Bacterial Colonization: Can We Live With It?

It is a time of change in America. Forces are aligning in ways not previously imagined to allow the possibility of substantial progress in preventing health care–associated infections. In January 2009, the US Department of Health and Human Services released a draft Action Plan to Prevent Healthcare-Associated Infections [1], confirming their commitment to bring together experts, policy makers, regulators, and funding organizations, to map out a strategic plan for significantly reducing the incidence of health care–associated infections. More evidence to inform this plan is needed.

In the context of this new world, O'Fallon et al. [2] offer the promise of data that will help in the “development of effective guidelines for the prevention of MDRGNB spread in the health care setting” [2, p. 1376]. In their article in this issue of Clinical Infectious Diseases, entitled “Colonization with Multidrug-Resistant Gram-Negative Bacteria: Prolonged Duration and Frequent Cocolonization” [2], O'Fallon and colleagues describe the natural history of multidrug-resistant gram-negative bacteria (MDRGNB) colonization in a small cohort of poorly functioning, elderly nursing home residents. Their major findings are well summarized in the title of their article: simultaneous colonization with more than one organism is common, and duration of colonization is prolonged.

Do O'Fallon and colleagues deliver on their promise? Do their findings inform efforts to prevent the spread of MDRGNB or, more importantly, to prevent health care-associated infection due to MDRGNB? To the extent that their findings confirm the natural history that we might have predicted and help to clarify what we should not do, the study could be considered a first step in the right direction.

The study's finding that 20% of subjects were colonized by at least 1 MDRGNB strain is not a great surprise.

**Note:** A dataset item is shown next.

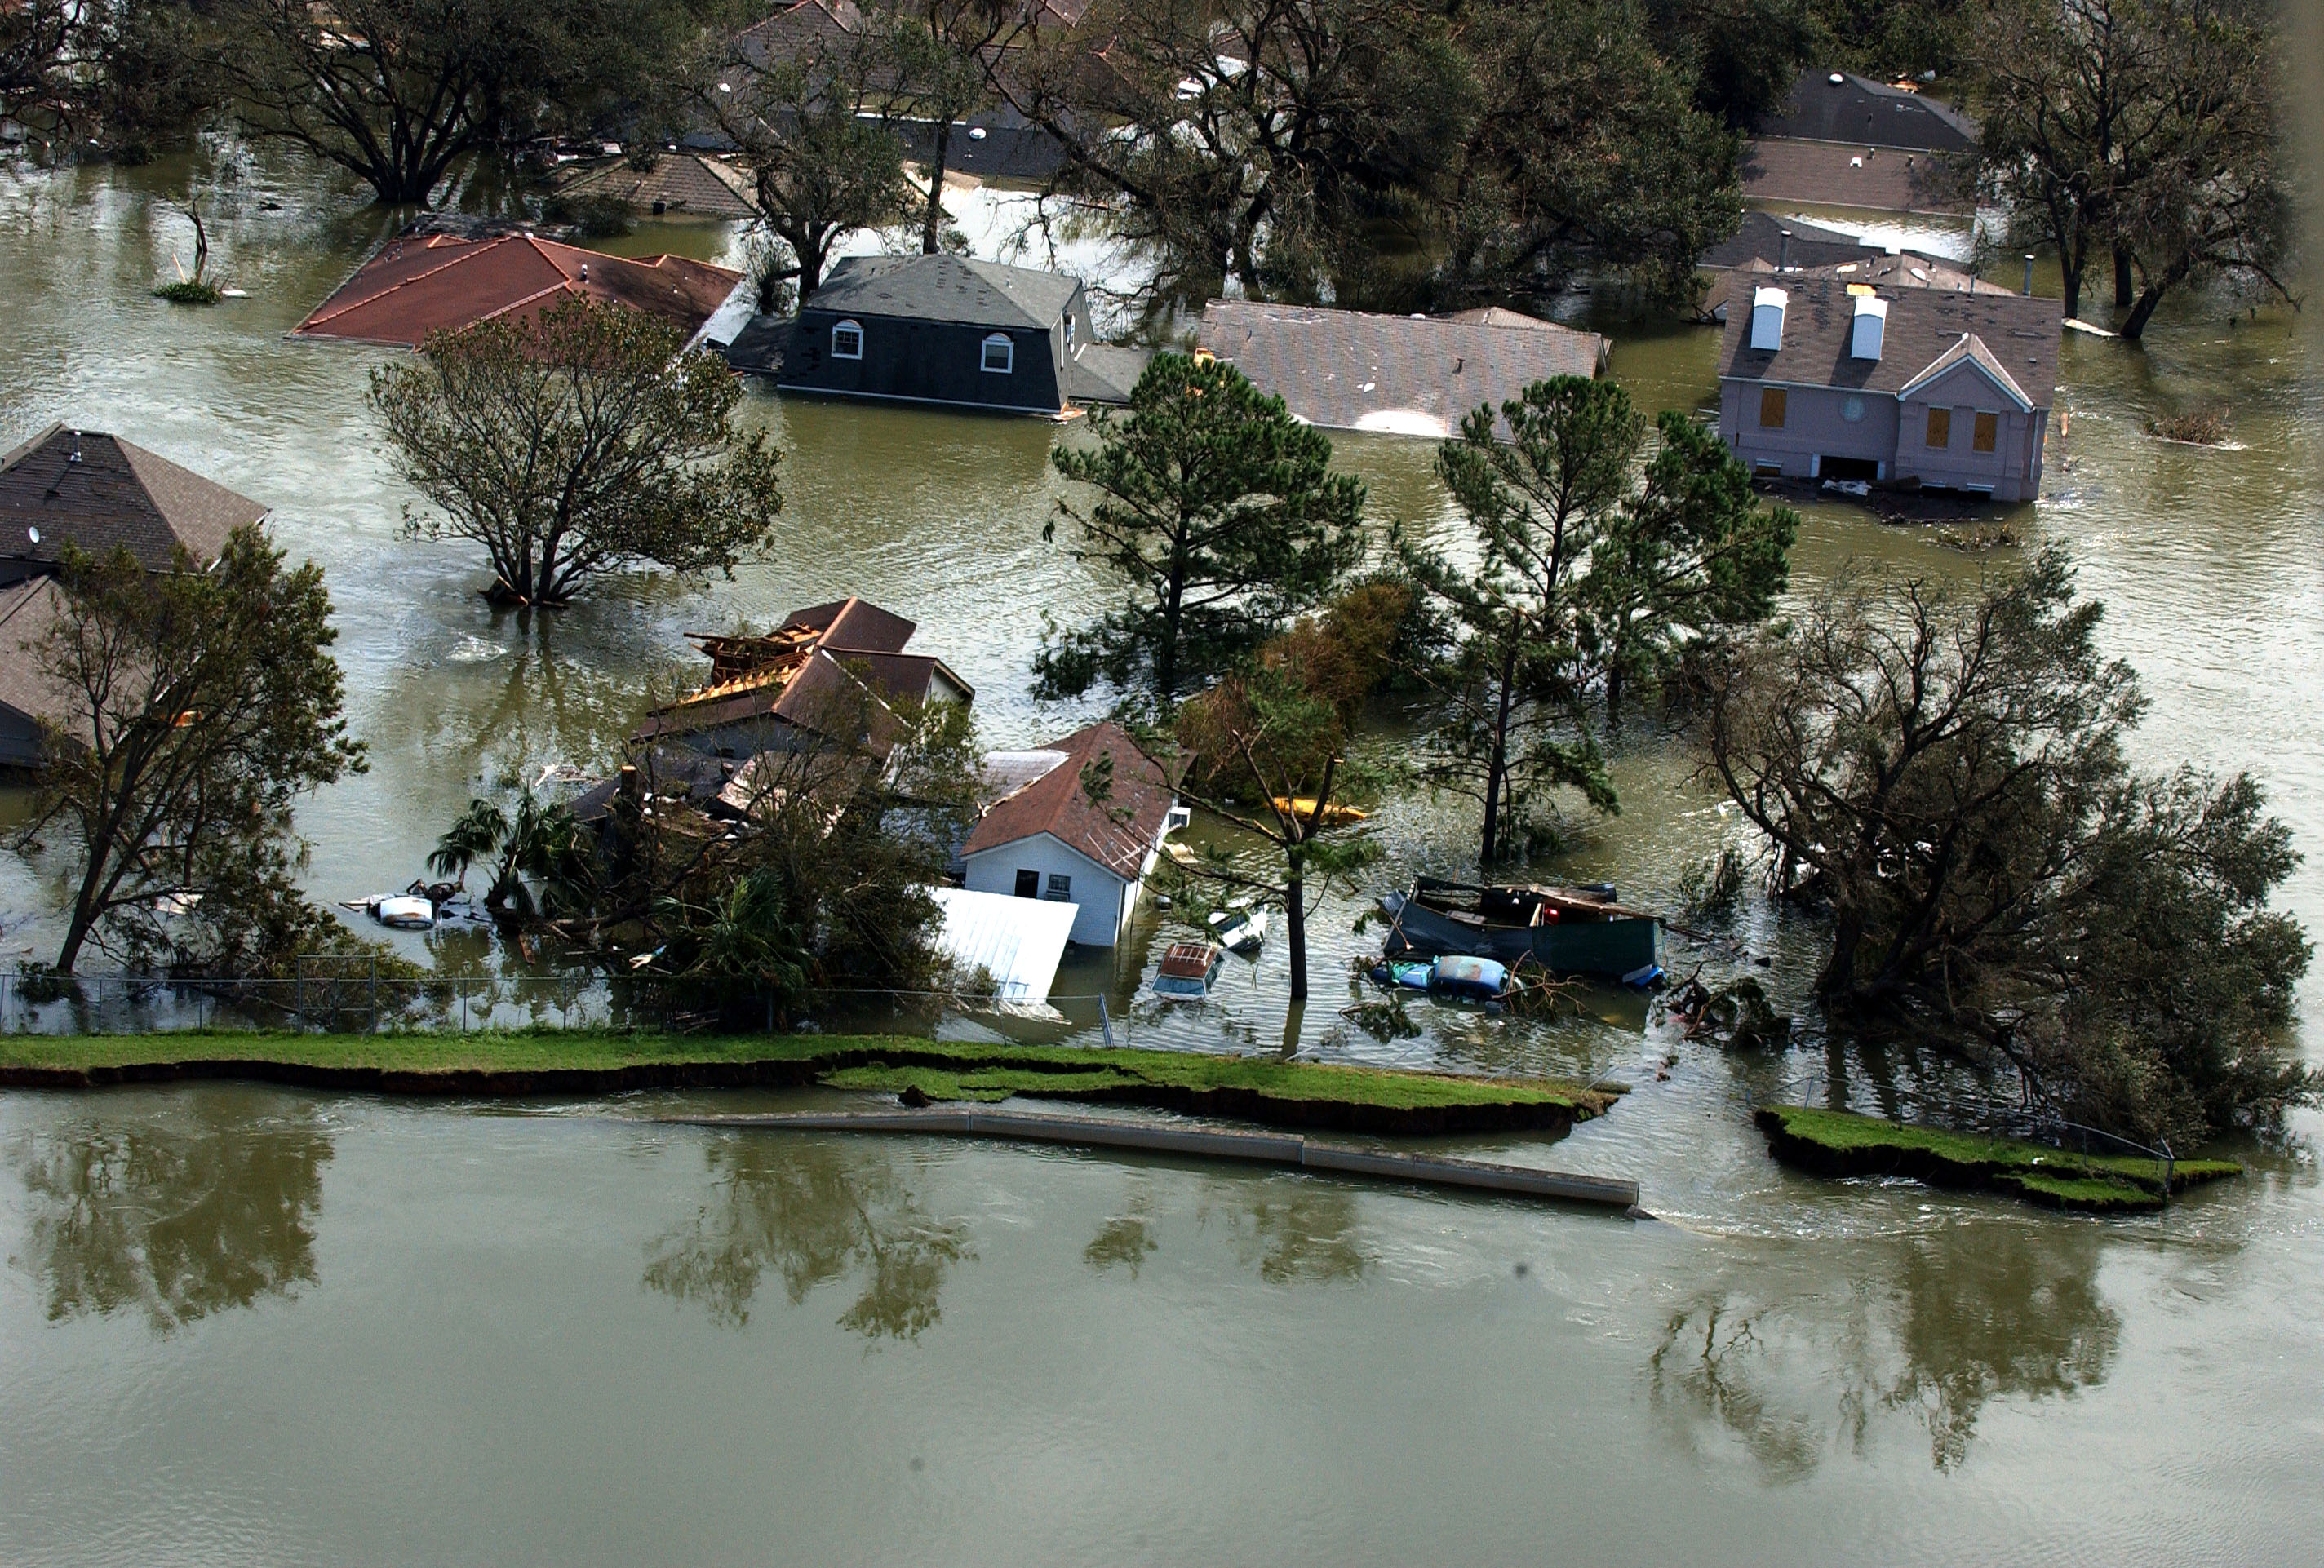 FEMA - 14964 - Photograph by Jocelyn Augustino taken on 08-30-2005 in Louisiana

This carriage rate is in line with recently reported rates of carriage of selected gram-negative bacteria among newly hospitalized patients (7%) [3], healthy vegetarians (14%) [3], and Saudi Arabian inpatients (26%) [4]. The persistence of these strains is also not unexpected, given published evidence regarding long-term persistence of strains of Escherichia coli [5–7]. The authors do not discuss the 80% of subjects who were not carrying MDRGNB, but one might surmise that the majority of them were colonized with other gram-negative bacteria, as are most humans, and that the natural history of their colonization might be similar. In short, it is likely that all residents of this nursing home (and, indeed, most individuals in the general population) are carrying gram-negative bacteria in their stool.

Once present in the feces, do MDRGNB cause harm to patients? O'Fallon and colleagues do not report data regarding clinical infections or evidence of cross-transmission of MDRGNB strains among subjects. The literature tells us that most patients who harbor MDRGNB in their intestines do not develop infection (although it is clear that intestinal colonization often precedes the onset of infection) [8]. Clinical gram-negative bacterial infections can cause substantial morbidity and mortality; moreover, multidrug-resistant organisms pose treatment challenges. Preventing these infections is a worthwhile endeavor.

How does the current study by O'Fallon et al. [2] guide our interventions? Given their finding of long-term persistence of MDRGNB colonization, O'Fallon and colleagues conclude that there is no role for surveillance cultures of stool in the management of fecal colonization. I would agree. Cultures of stool will always reveal the presence of bacteria that could cause a health care–associated infection. Interventions to keep stool from gaining access to sterile sites and to reduce fecal cross-contamination between patients should be universally practiced; neither their im plementation nor their discontinuation should be determined by the presence or absence of specific strains of fecal bacteria. But, beyond good infection prevention practices, is there a role for eradicating specific organisms that we find in the stool? If there is, is eradication even possible? And if it is possible, what are the unintended consequences of interventions aimed at individual organisms?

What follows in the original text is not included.